Innovations, Partnerships, and Launches on the Floor
Several notable product showcases and partnerships also emerged across the three days:
CLINARIS demonstrated HPM®, its real-time hygiene and process management solution. It is fully integrated into the Siemens HiMed platform with partners including SPIE ICS, Wissner-Bosserhoff, Virtual Twins, and Ascom forming a compelling end-to-end clinical workflow ecosystem.
Fraunhofer MEVIS presented CuraMate, an AI platform for medical image curation and training, alongside an interactive cardiovascular imaging education tool.
Fraunhofer IKS showcased trustworthy AI models for ECG prediction, dermatological decision support, and women’s health via its SympATA app.
NoxAvis Tech Solutions debuted HeliDoc, targeting real-time emergency documentation and communication.
Thryve made the case for 24/7 wearable and sensor-based health monitoring as the connective tissue between episodic care and continuous health management.
Avalue Healthcare marked its DMEA debut with AI-driven healthcare solutions, signalling growing interest from Asian manufacturers in the European digital health market.
Awards, competitions, and recognition
DMEA 2026 sustained its tradition of spotlighting innovation through structured recognition.
Around 70 startups presented their solutions in the dedicated Startup & Innovation Area, competing across pitch rounds judged by an interdisciplinary expert panel drawn from science, venture capital, and clinical practice.
DMEA’s flagship competition recognised the most visionary and scalable digital health startup. The headline prize, the DMEA Nova Award, went to Prof. Valmed, a Hesse-based startup from Langen.
Their winning solution is an AI tool that assists doctors with everyday diagnosis and treatment decisions while simultaneously offering training modules to help clinical staff use AI safely and effectively in practice. The prize kit was worth €7,500, combining prize money and a media package to accelerate the winner’s market entry.
On the talent side, the DMEA Sparks Award, a separate recognition programme honouring outstanding Bachelor’s and Master’s theses in the digital health field, was presented to emerging researchers.
The broader DMEA Sparks career format gave students and young professionals structured access to the industry through networking sessions and employer showcases.


The keynote that stopped the room: Why TikTok is now a healthcare problem?
For us, the most surprising and widely discussed moment of DMEA 2026 was a keynote by Fabian Grischkat, a “Newsfluencer,” author, and digital activist.
His message reframed the entire conversation around digital health.
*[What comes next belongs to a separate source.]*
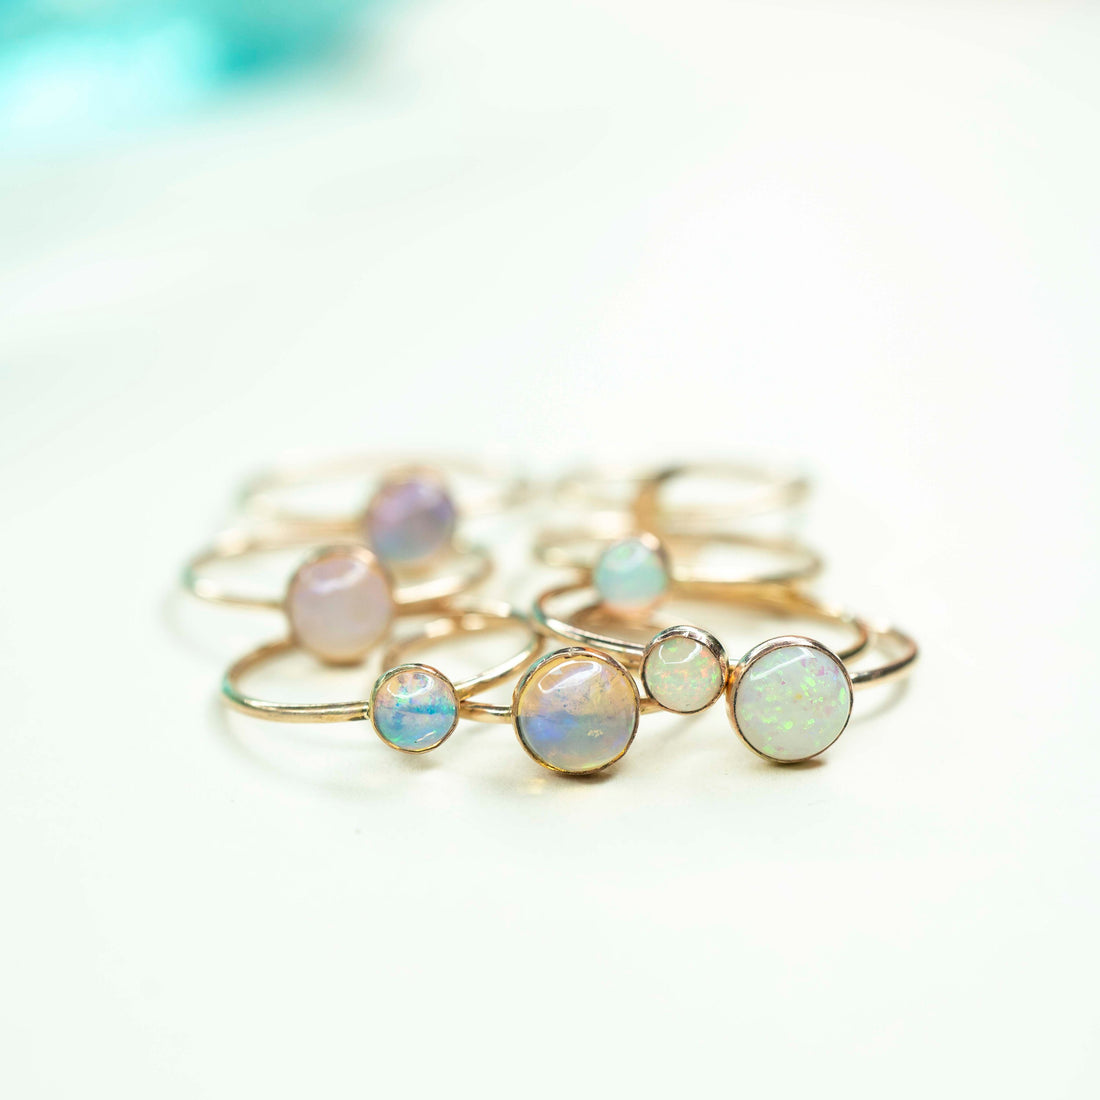 Gold Opal Ring, Gold filled Opal Ring, Natural Opal Ring, Opal Ring, 14k Gold Opal Ring, Handmade Opal Ring, Dainty Opal Ring

He emphasised how AI or infrastructure is not the only problem. The main issue is who patients trust, and why.
With only 42% of Gen Z turning to doctors first for health information, the rest going to TikTok and Instagram, and an average social media attention span of just 1.7 seconds, Grischkat argued that healthcare’s next crisis is a communication one.
He advocated not for platform bans but for media and AI literacy to be the preventive medicine. Citizens must learn to critically navigate digital health information, understand how algorithms shape what they see, and know when human medical expertise must remain the final authority.
Wrapping up
DMEA 2026 closed with a sector visibly in motion: more participants, more exhibitors, more urgency.
AI is in clinical workflows. IoT is connecting hospital infrastructure. Cloud is scaling data. ePA is going live.
But beneath the momentum, the defining challenge of this era is building digital health systems that are open enough to interoperate, safe enough to trust, and literate enough to serve every patient.